#### [WHAT TO PRODUCE]
Please return the listing exactly as written, but without its pictures.

#### [MATERIAL PROVIDED]

--------------------------------

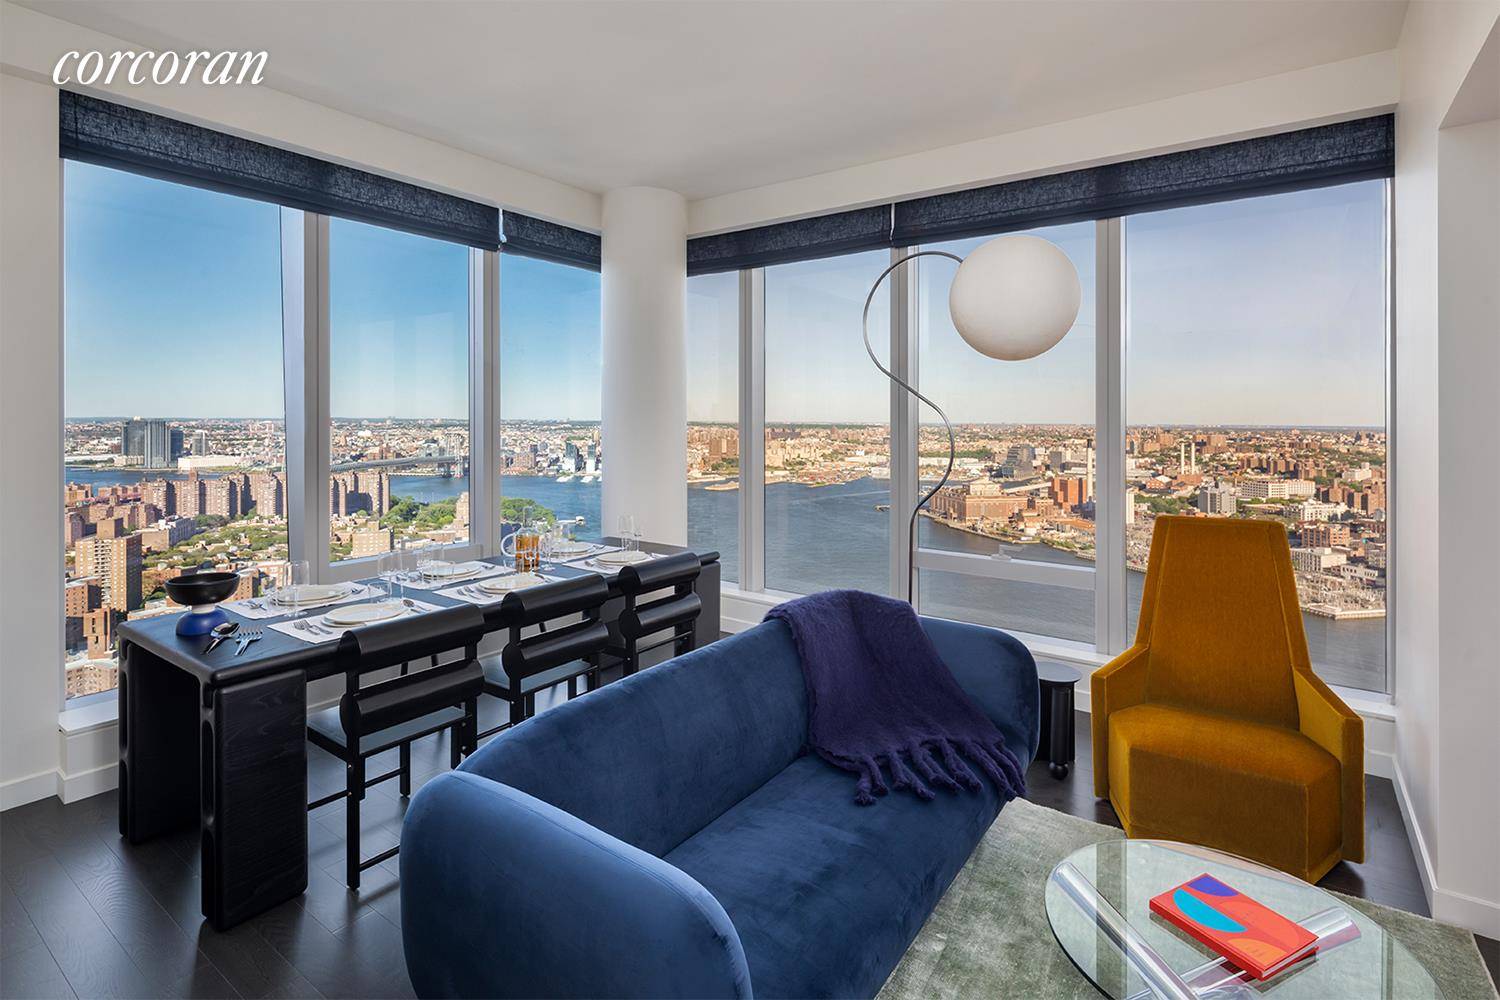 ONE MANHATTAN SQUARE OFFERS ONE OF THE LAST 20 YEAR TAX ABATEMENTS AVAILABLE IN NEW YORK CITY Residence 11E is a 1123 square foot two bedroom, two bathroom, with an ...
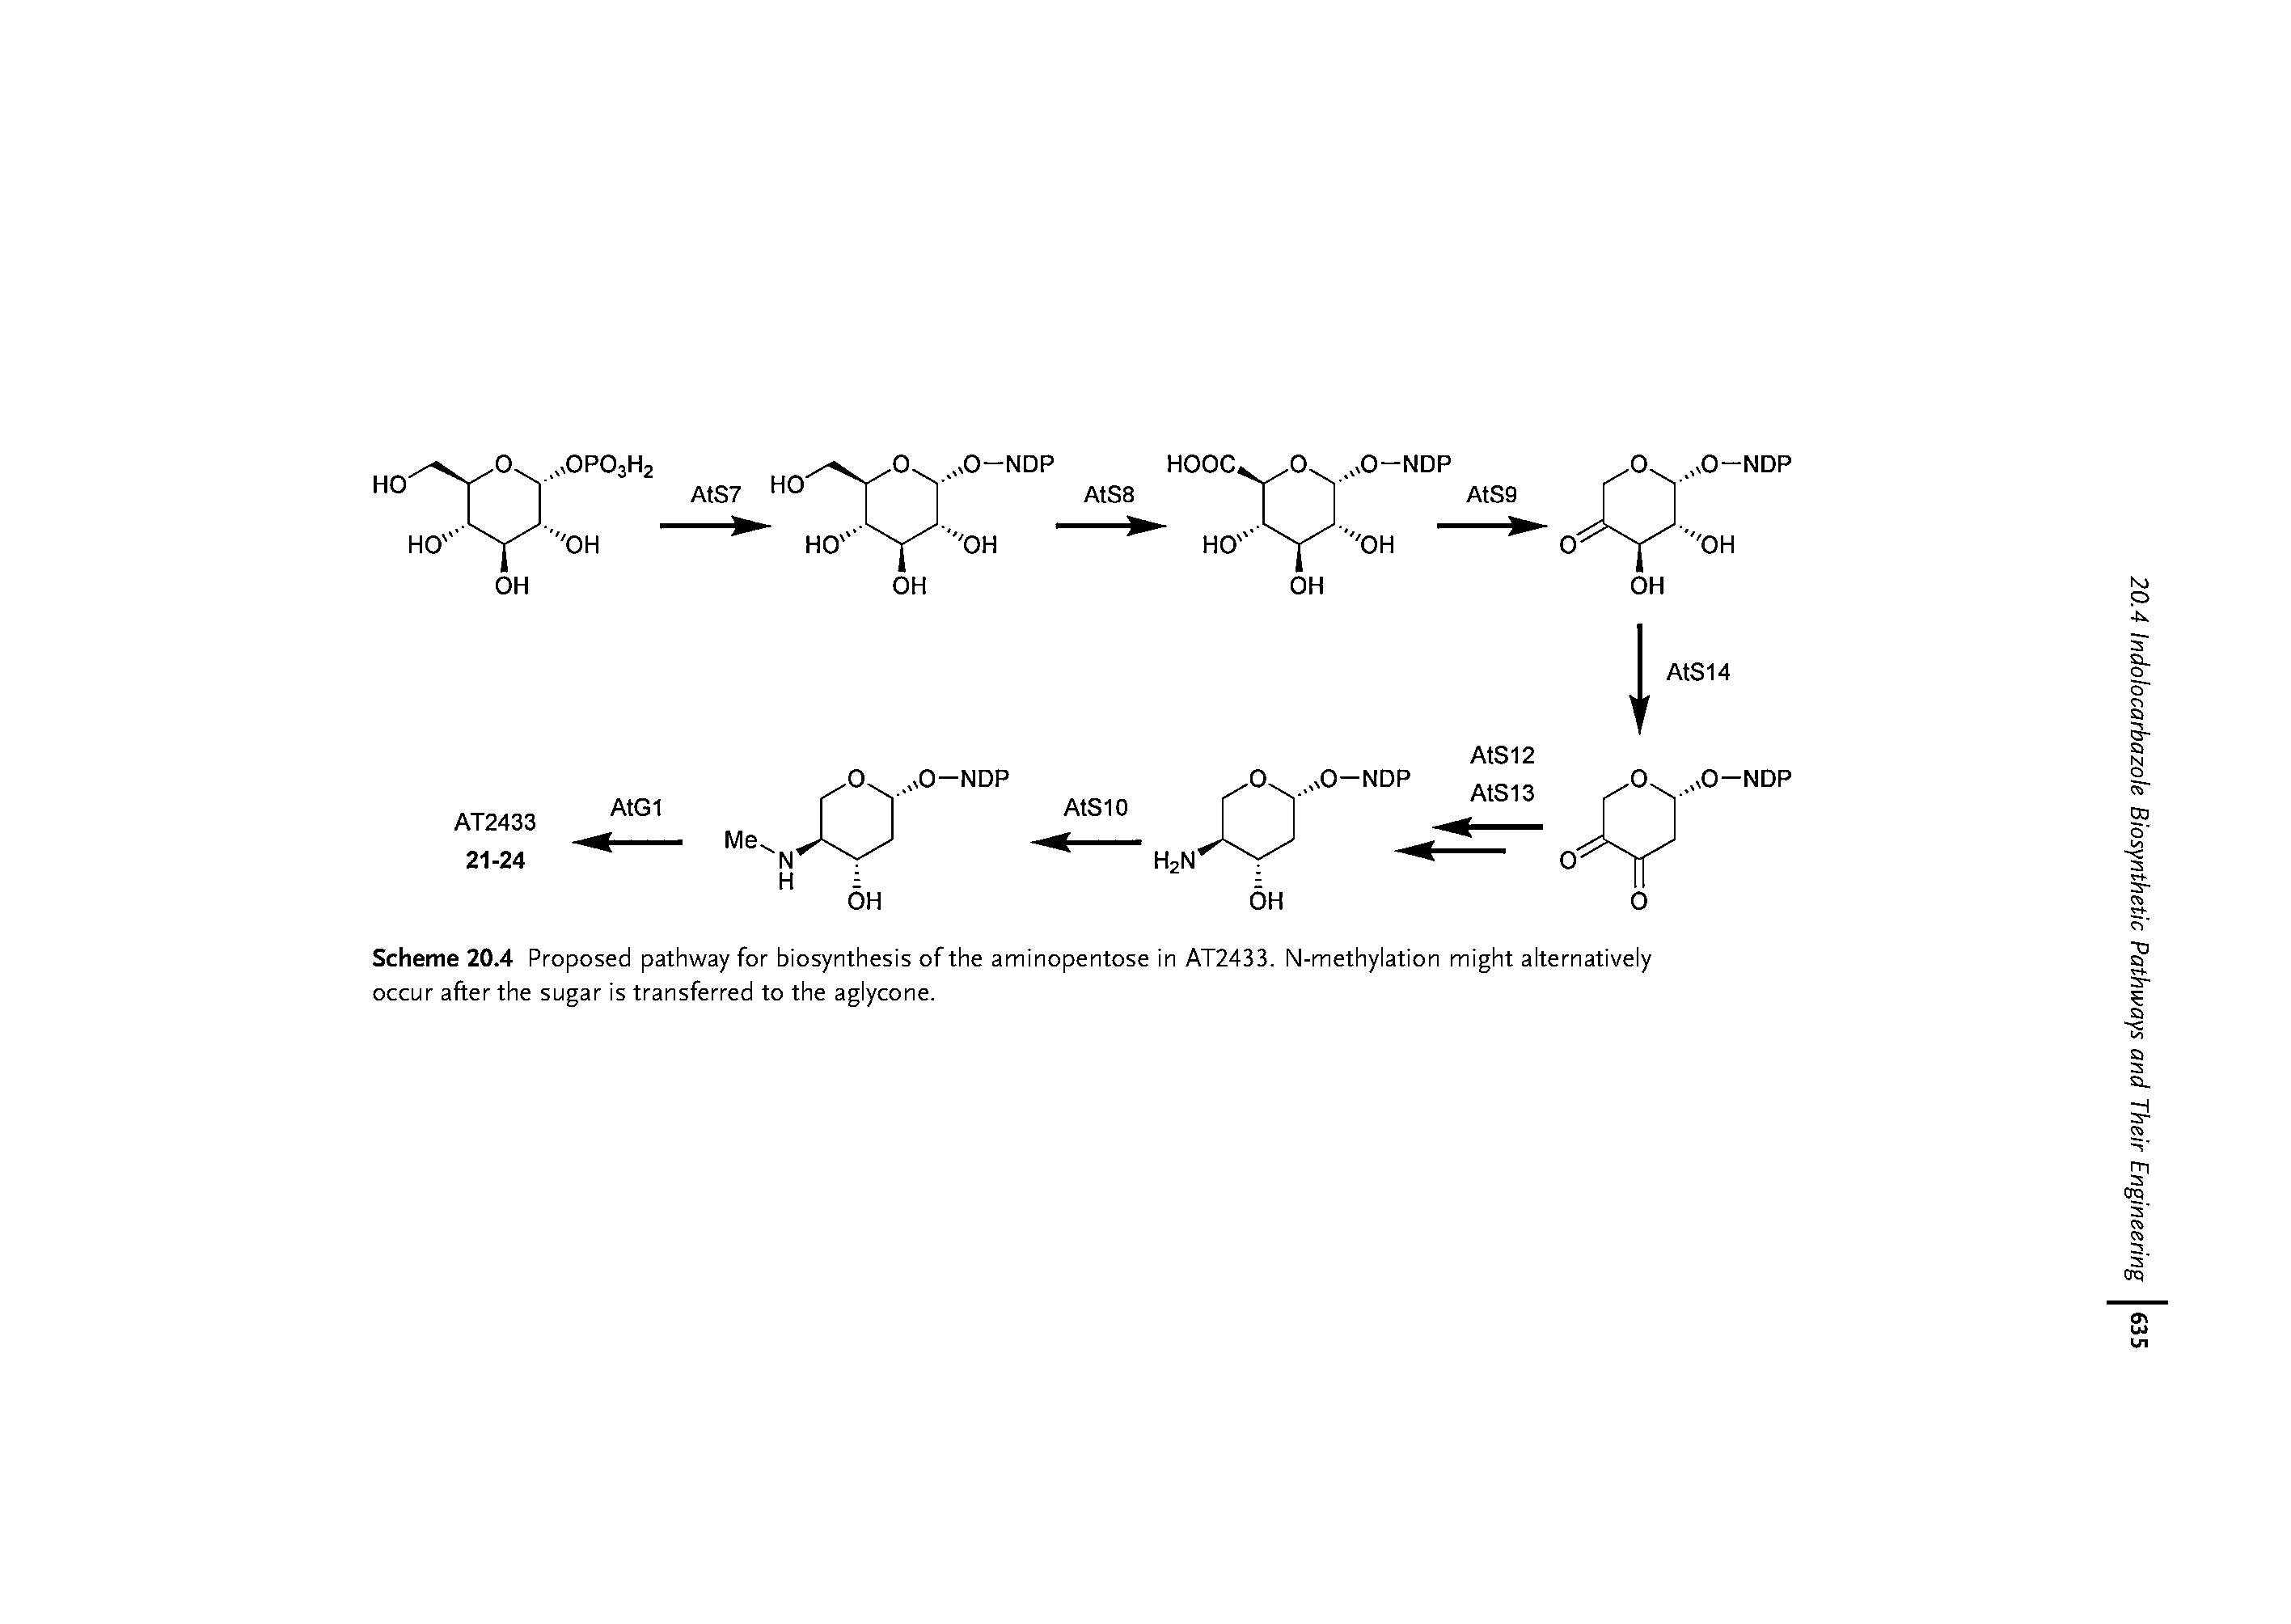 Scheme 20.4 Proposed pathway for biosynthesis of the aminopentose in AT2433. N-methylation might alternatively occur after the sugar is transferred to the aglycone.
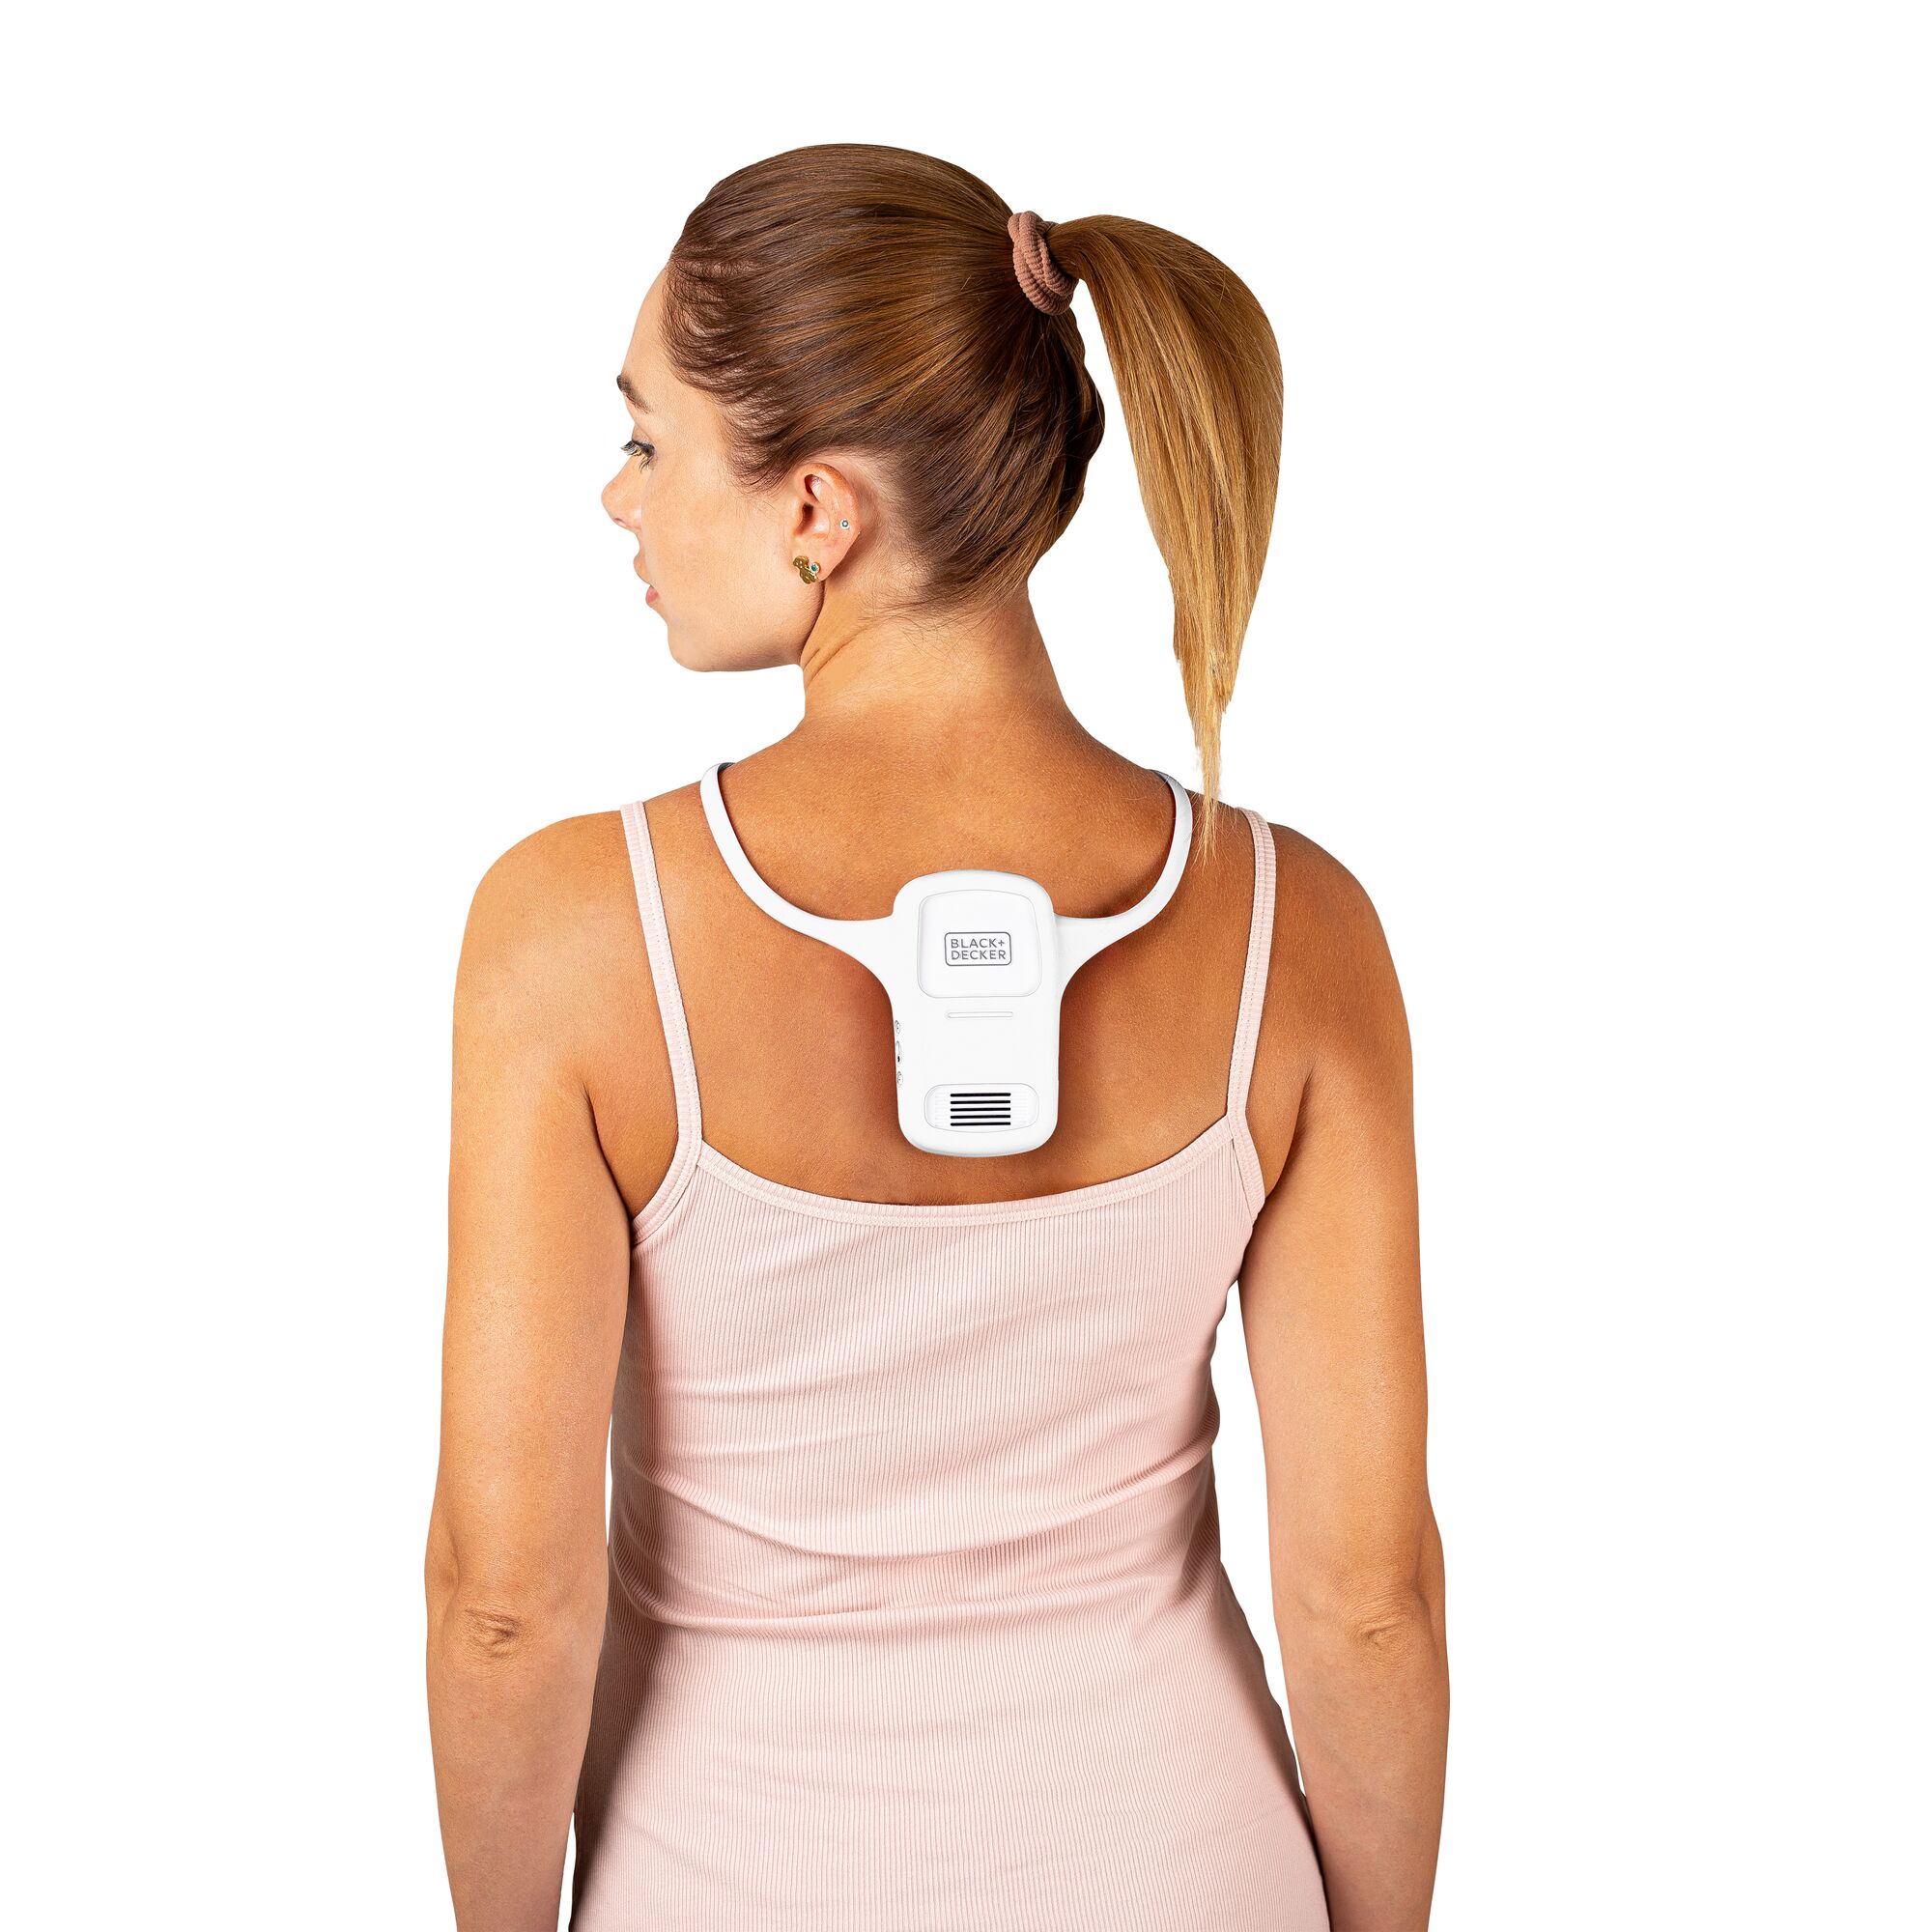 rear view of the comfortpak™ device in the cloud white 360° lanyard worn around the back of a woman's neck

--------------------------------

#### [RESPONSE AREA]
 ONE MANHATTAN SQUARE OFFERS ONE OF THE LAST 20 YEAR TAX ABATEMENTS AVAILABLE IN NEW YORK CITY Residence 11E is a 1123 square foot two bedroom, two bathroom, with an ...
 Scheme 20.4 Proposed pathway for biosynthesis of the aminopentose in AT2433. N-methylation might alternatively occur after the sugar is transferred to the aglycone.
 rear view of the comfortpak™ device in the cloud white 360° lanyard worn around the back of a woman's neck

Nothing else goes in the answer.